*** Opening of Source material ***

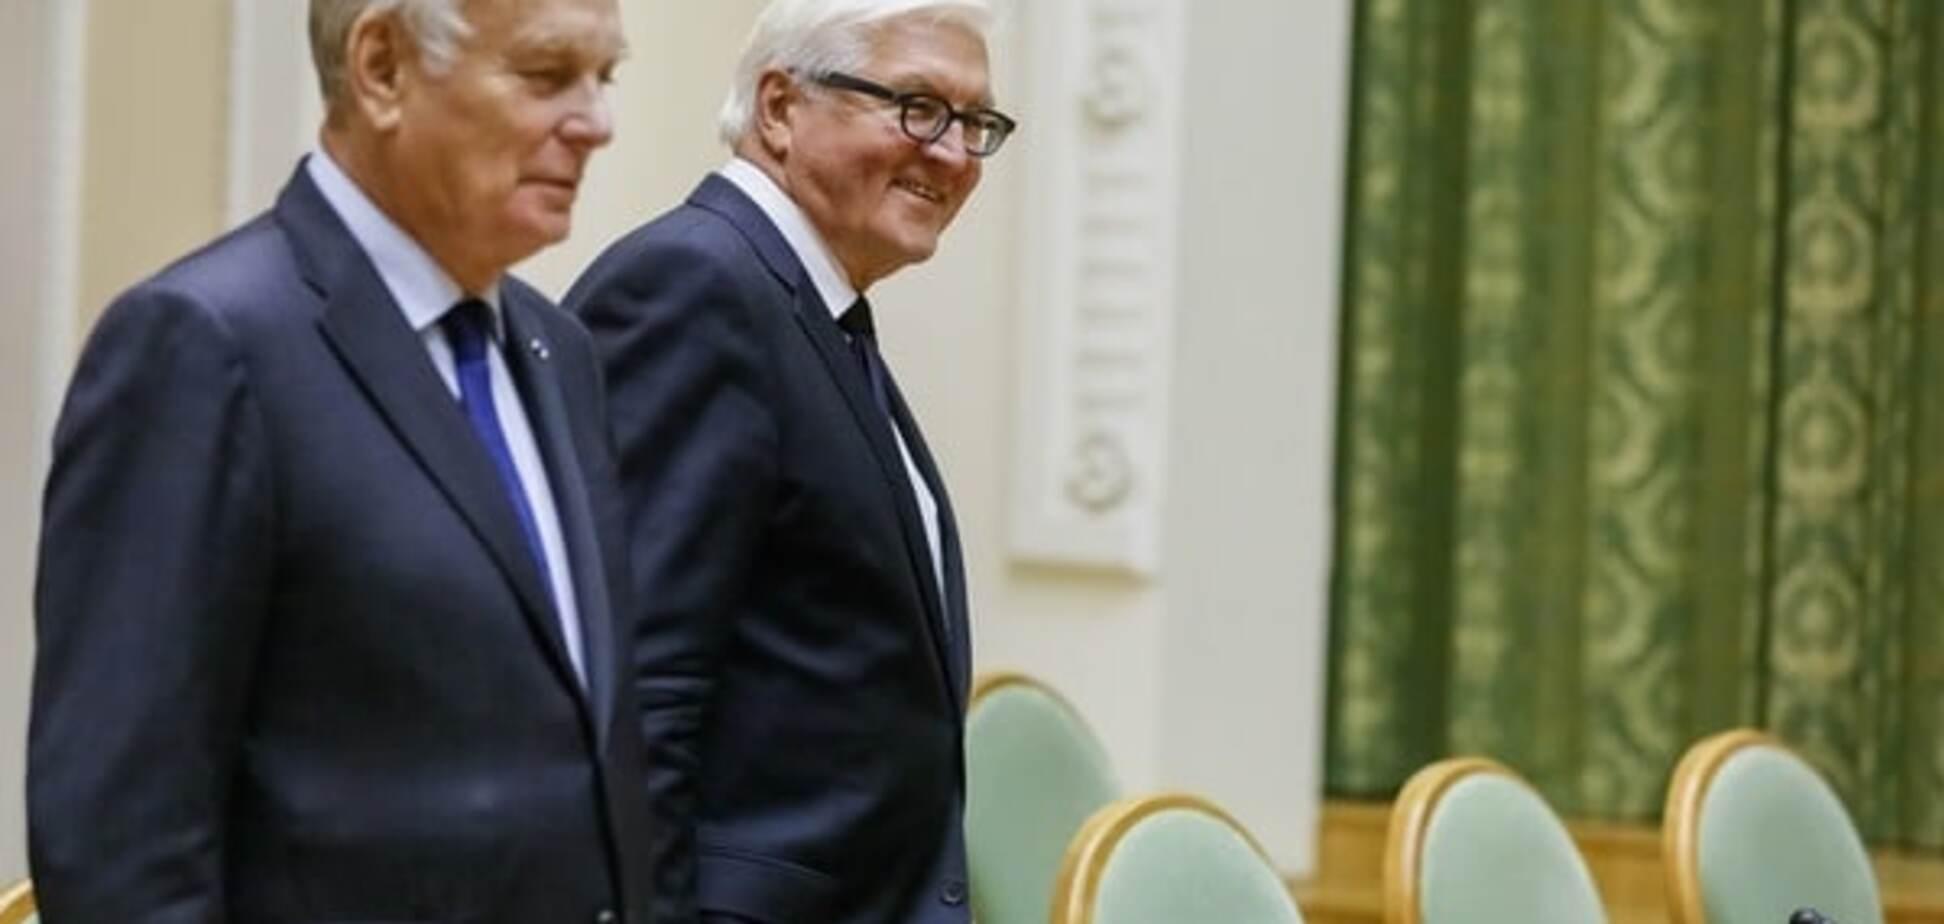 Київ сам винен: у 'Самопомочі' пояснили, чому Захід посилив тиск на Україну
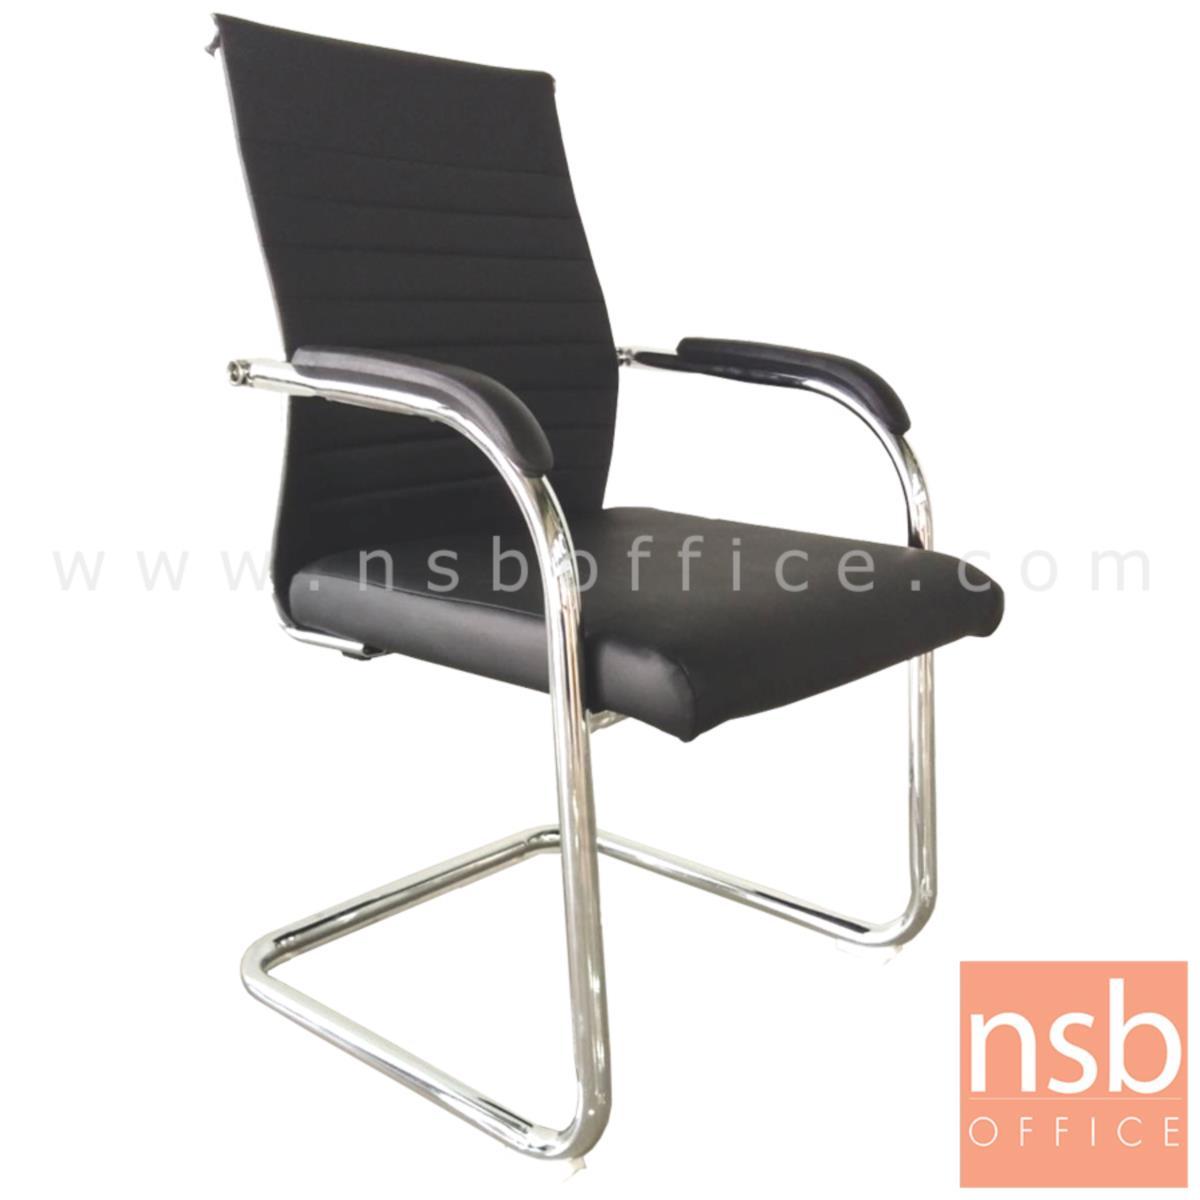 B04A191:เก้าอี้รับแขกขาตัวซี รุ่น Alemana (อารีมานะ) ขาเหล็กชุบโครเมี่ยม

*** Close of Source material ***
*** Opening of Source material ***

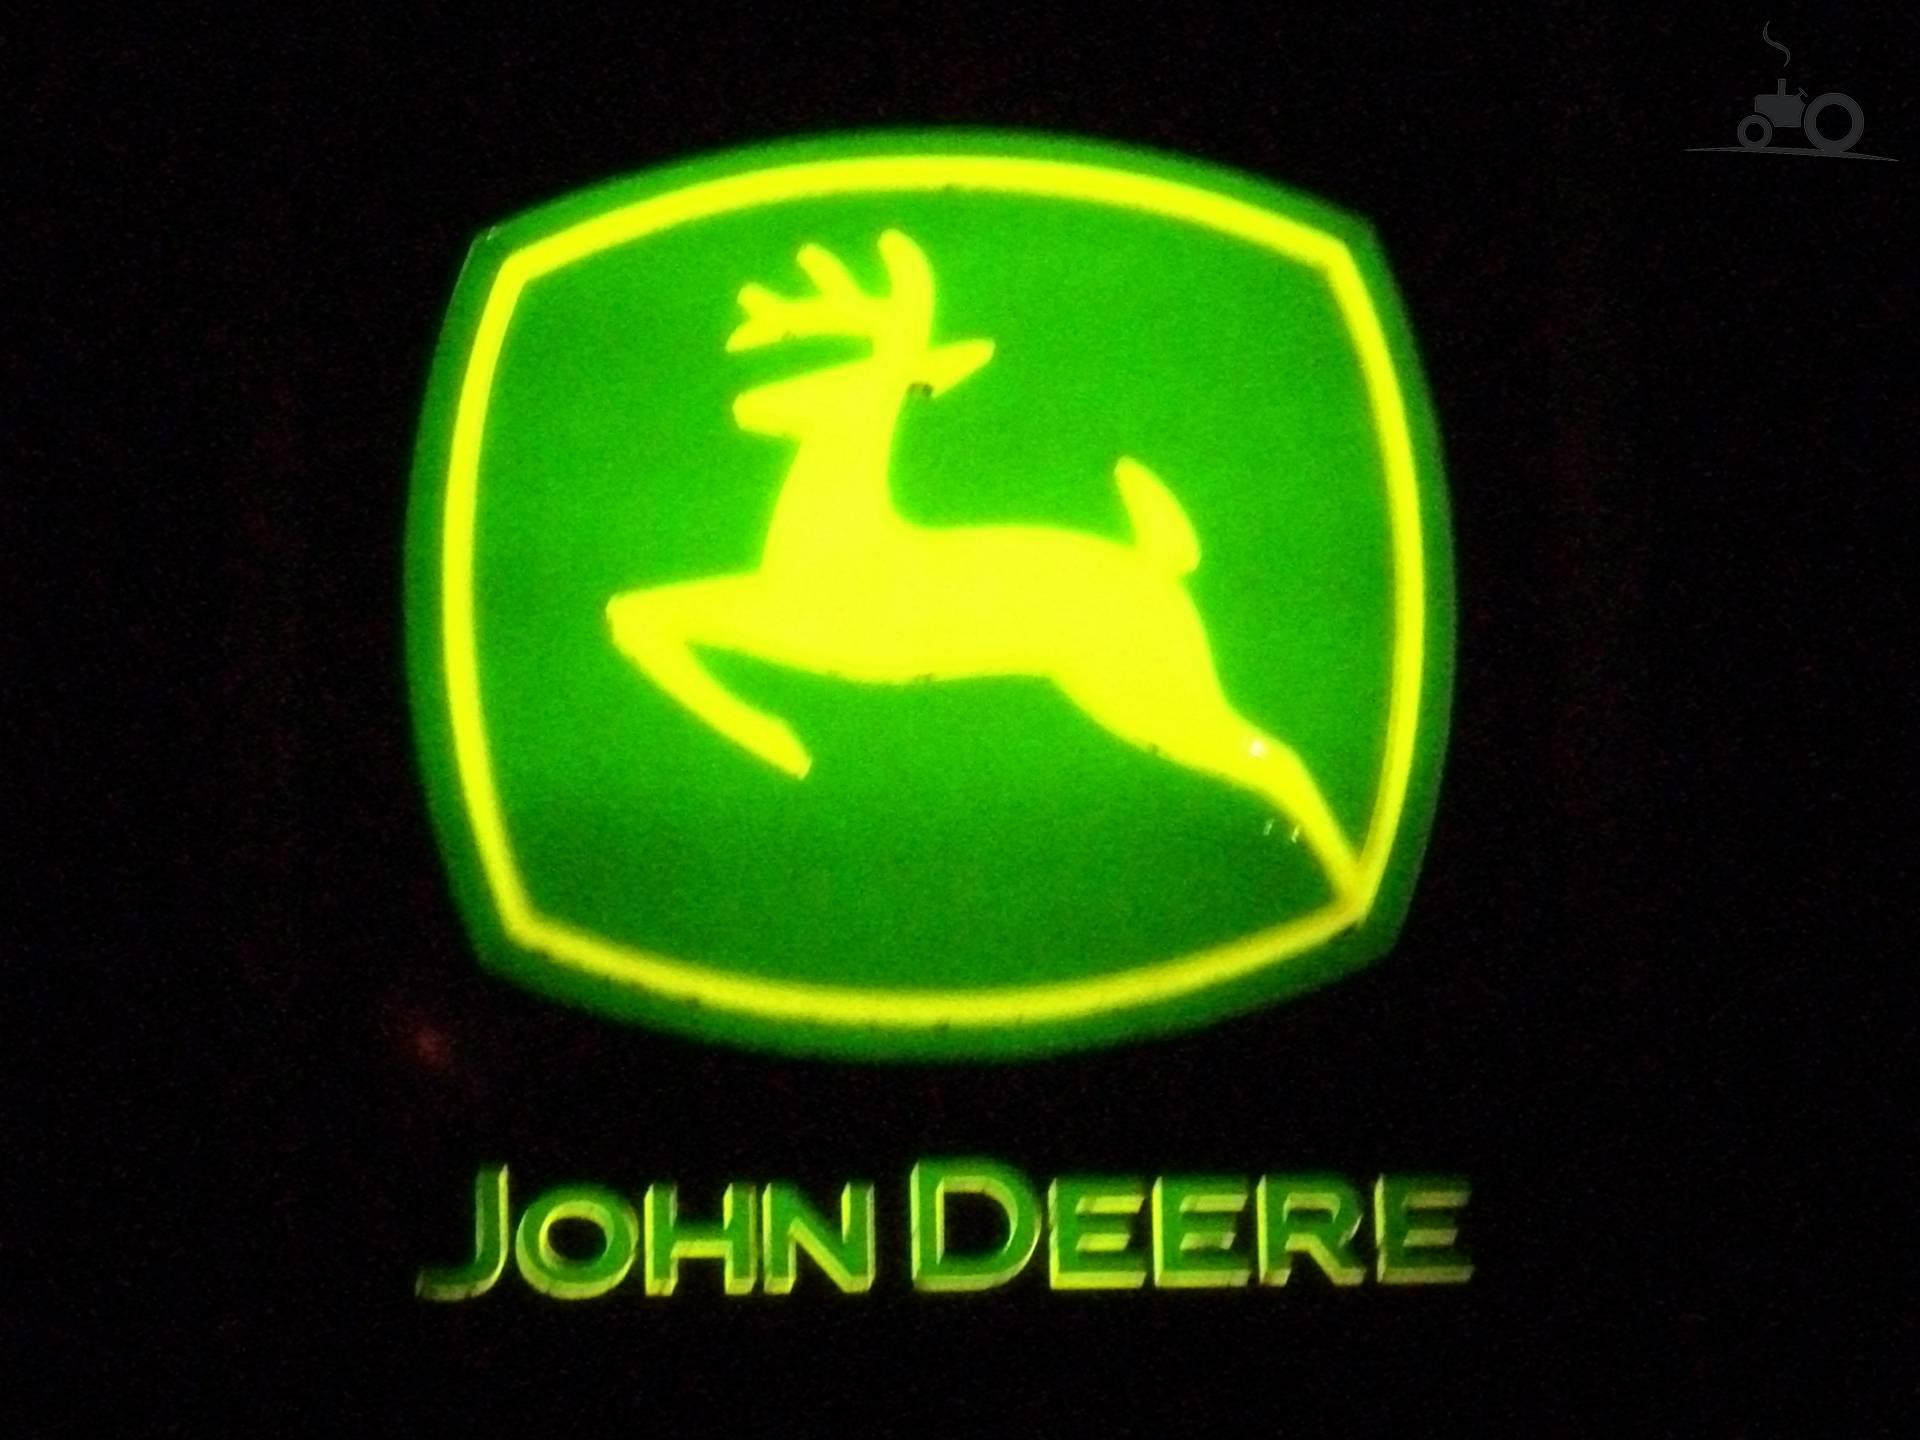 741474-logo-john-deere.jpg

*** Close of Source material ***
*** Opening of Source material ***

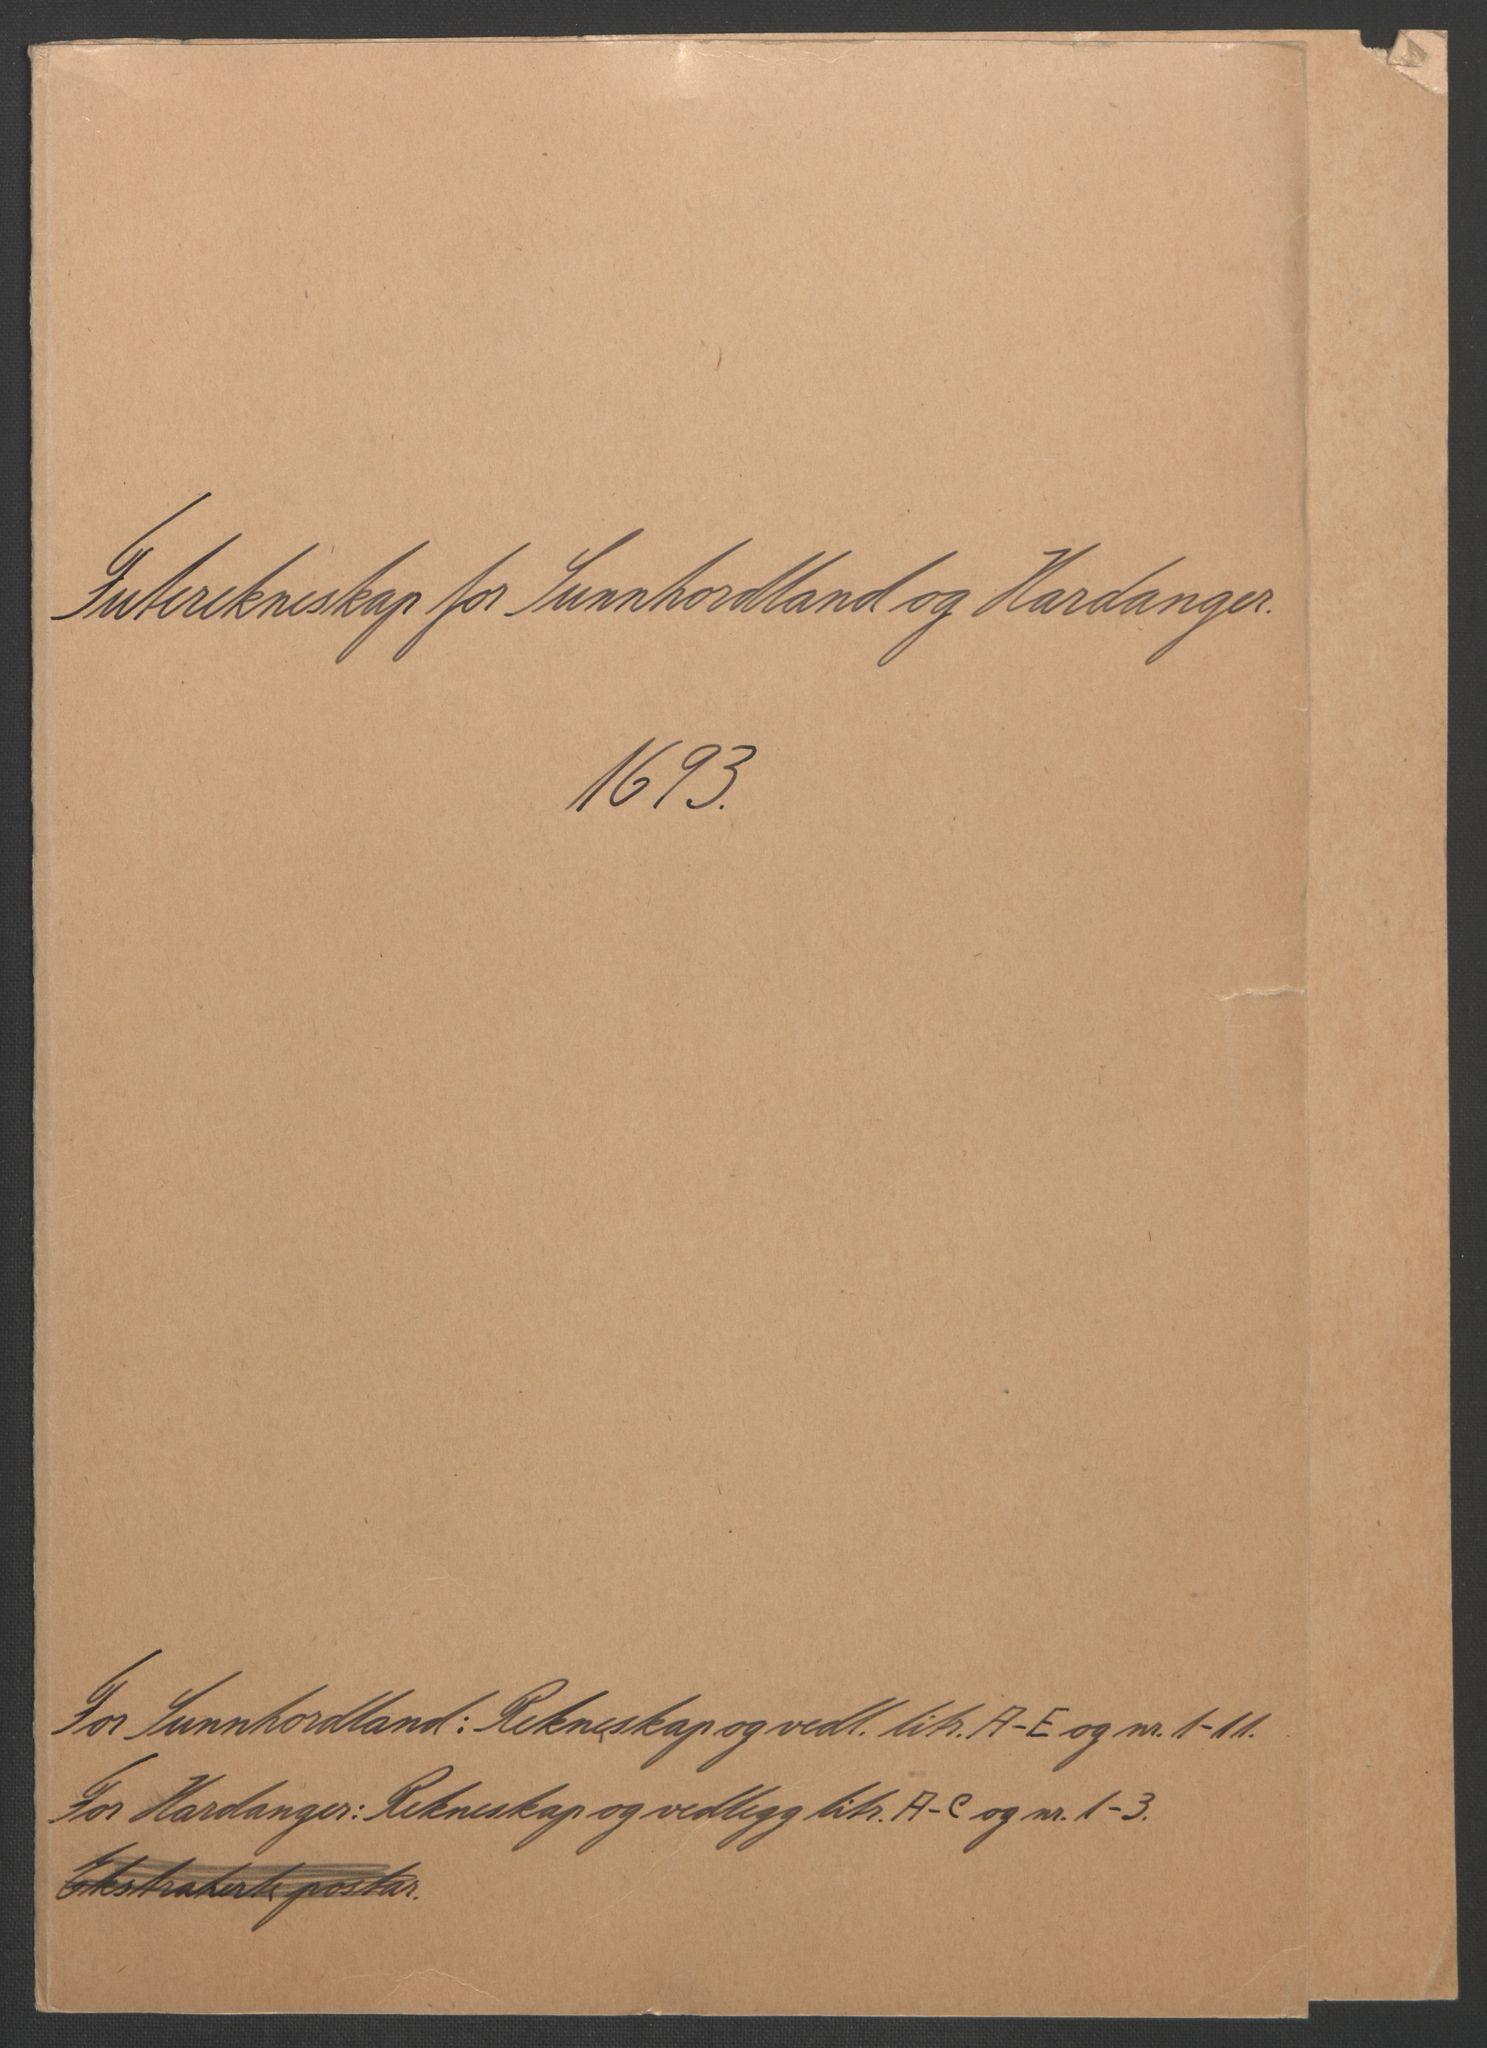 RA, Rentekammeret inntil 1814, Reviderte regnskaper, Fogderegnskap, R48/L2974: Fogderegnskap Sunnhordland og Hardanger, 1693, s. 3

*** Close of Source material ***

Starting with the line that has "Київ сам винен: у" and ending with the line that has "B04A191:เก้าอี้รับแขกขาตัวซี รุ่น Alemana", repeat the lines above exactly, omitting every picture.

## Finished task
 Київ сам винен: у 'Самопомочі' пояснили, чому Захід посилив тиск на Україну
 B04A191:เก้าอี้รับแขกขาตัวซี รุ่น Alemana (อารีมานะ) ขาเหล็กชุบโครเมี่ยม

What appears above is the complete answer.